I believe everyone will talk about indexes when optimizing the database, and I am no exception, everyone I can basically answer a few questions about the optimization of data structures, as well as a few words about page caching, but once an interviewer at Alibaba P9 asked me: Can you talk about an index data from the computer level? What is the loading process? (Just wanted me to talk about IO)
I died on the spot.... Because the basic knowledge of computer networks and operating systems is really my blind spot, but I made up for it later, so I won’t talk nonsense. , let’s start with the computer loading data, and talk about indexing from another angle.
MySQL's index is essentially a data structure
Let us first understand the data loading of the computer.
Let’s talk about disk IO first. Reading data from disk relies on mechanical movement, and each time reading data requiresSeek, find point, copy to memoryThree-step operation.
SeekThe time is the time required for the magnetic arm to move to the specified track, usually less than 5ms;
Search pointis from the track The average time to find the point where the data exists is half a turn. If it is a 7200 rpm disk, the average time to find the point is 600000/7200/2=4.17ms;
Copy to memoryThe time is very fast, which is negligible compared with the previous two times, so the average time of oneIO is about 9ms. It sounds fast, but it takes 9000 seconds to go through millions of data in the database, which is obviously a disaster level.

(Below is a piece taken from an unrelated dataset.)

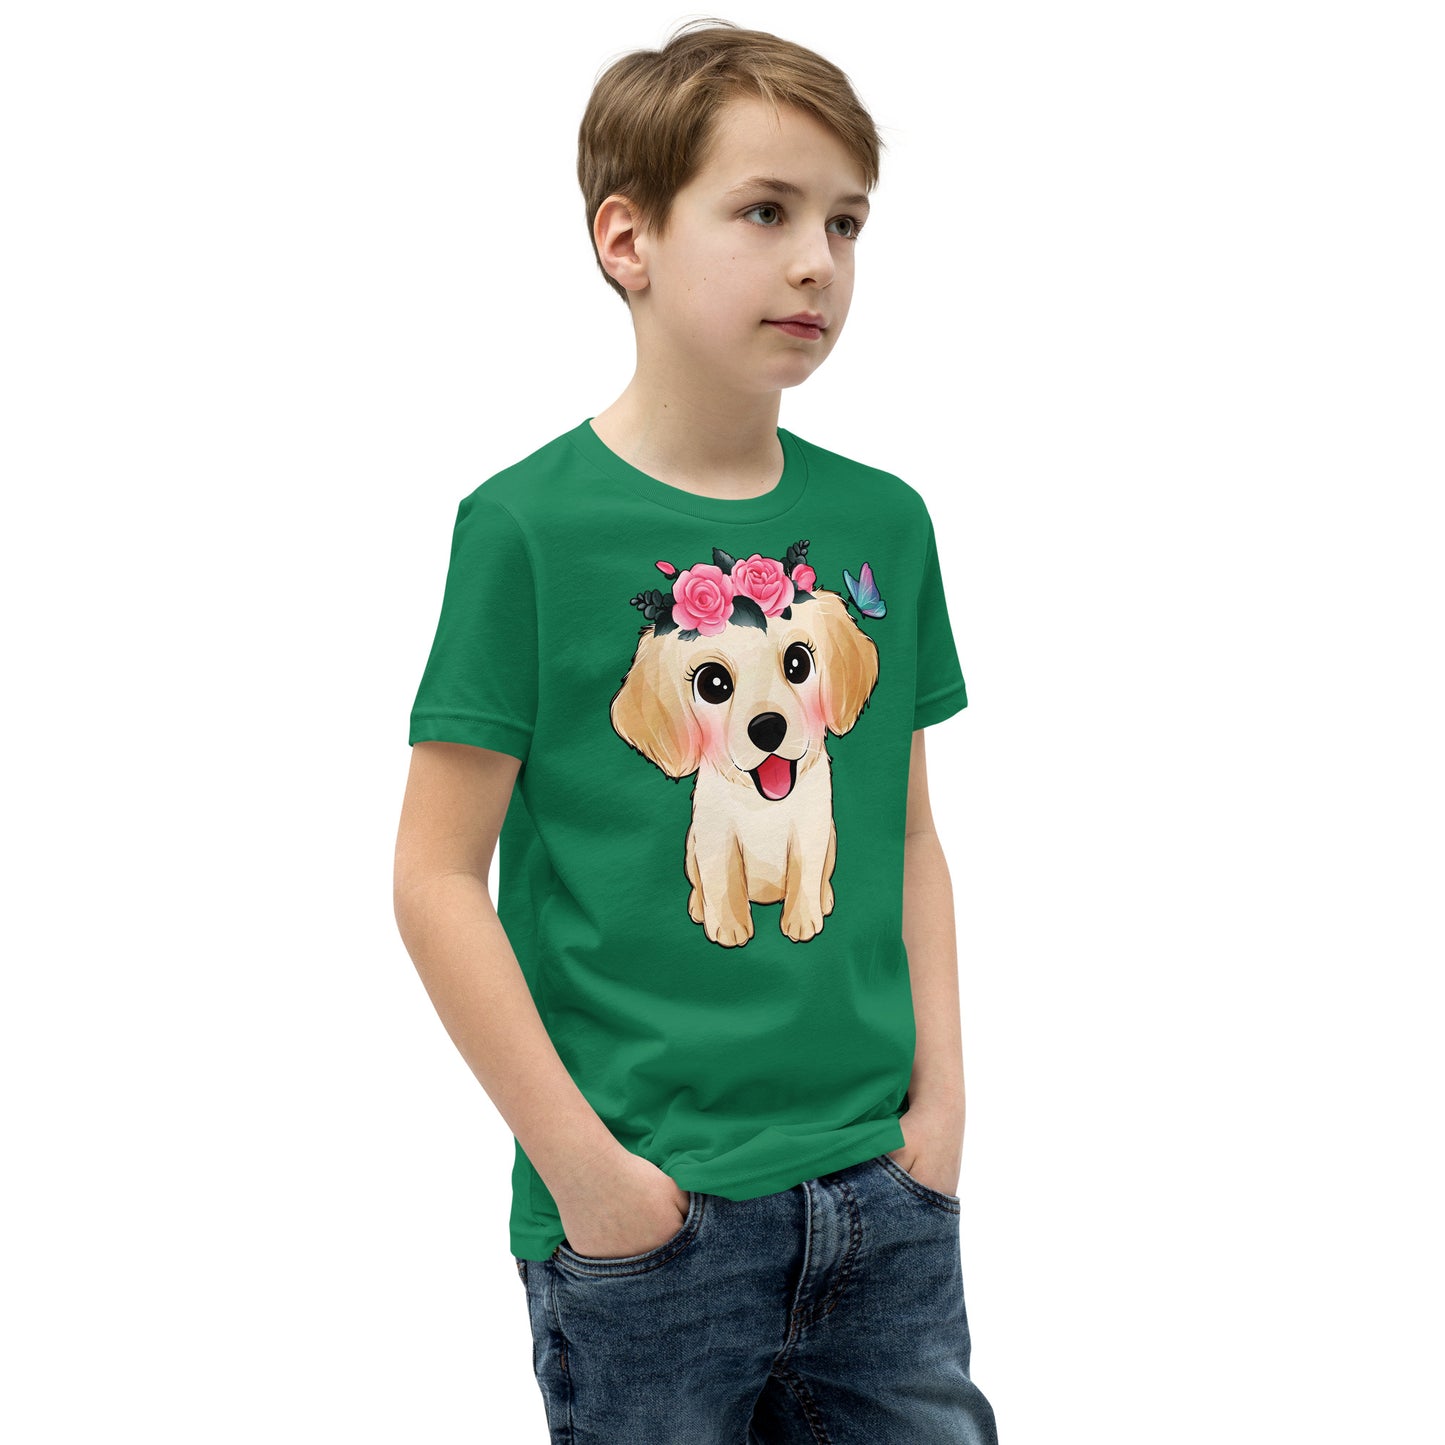 Cute Little Golden Retriever Dog T-shirt, No. 0359
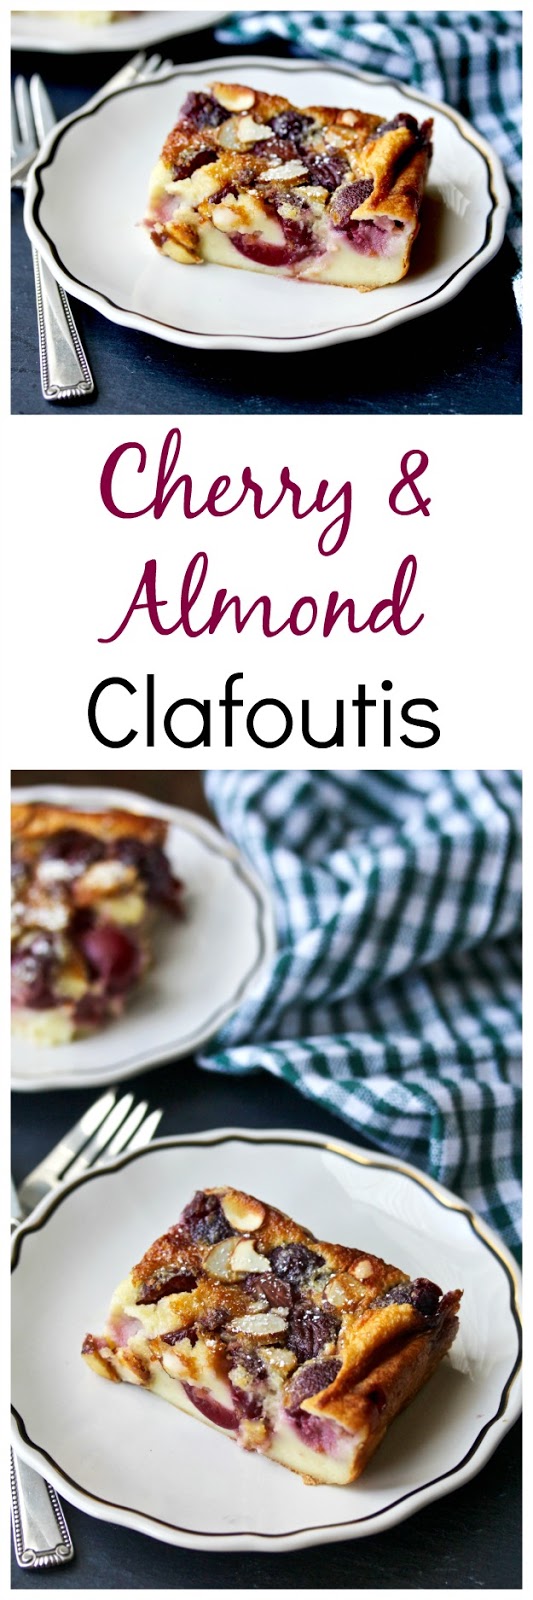 Fresh Cherry custard dessert with almonds #clafoutis #cherries #almonds

Considering that disk IO is a very expensive operation, the computer operating system has optimized read-ahead. When an IO is performed, not only The data of the current disk address, but theadjacent dataare also read into the memory buffer, because when the computer accesses the data of an address, the adjacent data will also be very fast. was visited.
We call the data read by IO each time a page. The specific size of data on a page depends on the operating system. It is usually 4k or 8k, which means we read the data in one page. At that time, only one IO actually occurred.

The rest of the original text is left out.